DOC_INTEL="docintell-pipeline-$(openssl rand -hex 4)"

az group create --name $RG --location $LOCATION

# Azure AI Search (Basic tier for vector + semantic)
az search service create \
--name $SEARCH_SERVICE \
--resource-group $RG \
--location $LOCATION \
--sku basic

# Storage Account
az storage account create \
--name $STORAGE_ACCOUNT \
--resource-group $RG \
--location $LOCATION \
--sku Standard_LRS

# Create containers for different content types
az storage container create --name "pdfs" --account-name $STORAGE_ACCOUNT --auth-mode login
az storage container create --name "images" --account-name $STORAGE_ACCOUNT --auth-mode login
az storage container create --name "processed" --account-name $STORAGE_ACCOUNT --auth-mode login

# AI Services (multi-service)
az cognitiveservices account create \
--name $AI_SERVICE \
--resource-group $RG \
--location $LOCATION \
--kind AIServices \
--sku S0 --yes

# Document Intelligence
az cognitiveservices account create \
--name $DOC_INTEL \
--resource-group $RG \
--location $LOCATION \
--kind FormRecognizer \
--sku S0 --yes

# Get all keys
SEARCH_KEY=$(az search admin-key show --resource-group $RG --service-name $SEARCH_SERVICE --query "primaryKey" -o tsv)
STORAGE_CONN=$(az storage account show-connection-string --name $STORAGE_ACCOUNT --resource-group $RG --query "connectionString" -o tsv)
AI_KEY=$(az cognitiveservices account keys list --name $AI_SERVICE --resource-group $RG --query "key1" -o tsv)
DOC_ENDPOINT=$(az cognitiveservices account show --name $DOC_INTEL --resource-group $RG --query "properties.endpoint" -o tsv)
DOC_KEY=$(az cognitiveservices account keys list --name $DOC_INTEL --resource-group $RG --query "key1" -o tsv)

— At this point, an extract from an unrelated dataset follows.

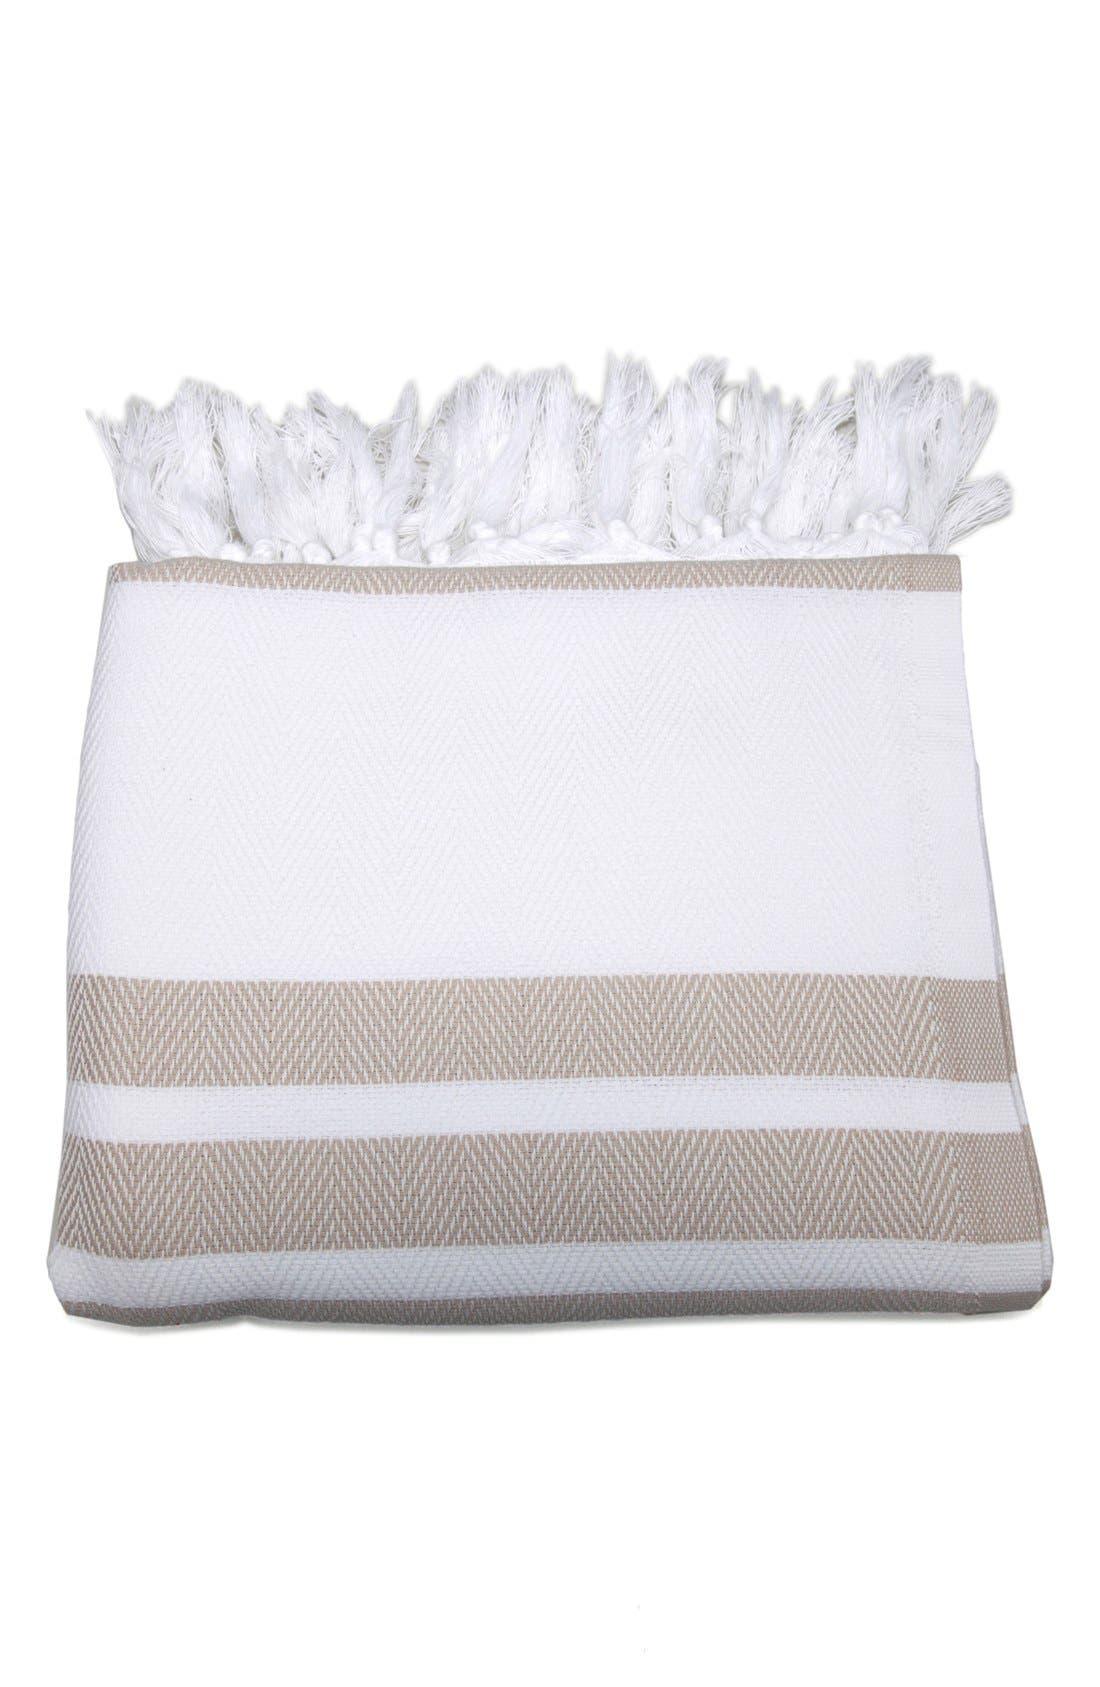 Linum Home Textiles Herringbone Striped Turkish Pestemal Towel

Task 2: Create a unified search index

from azure.core.credentials import AzureKeyCredential
from azure.search.documents.indexes import SearchIndexClient
from azure.search.documents.indexes.models import (
SearchIndex,
SearchField,
SearchFieldDataType,
SimpleField,
SearchableField,
VectorSearch,
HnswAlgorithmConfiguration,
VectorSearchProfile,
SemanticConfiguration,
SemanticSearch,
SemanticPrioritizedFields,
SemanticField,
)

endpoint = f"https://{SEARCH_SERVICE}.search.windows.net"
credential = AzureKeyCredential(SEARCH_KEY)
index_client = SearchIndexClient(endpoint=endpoint, credential=credential)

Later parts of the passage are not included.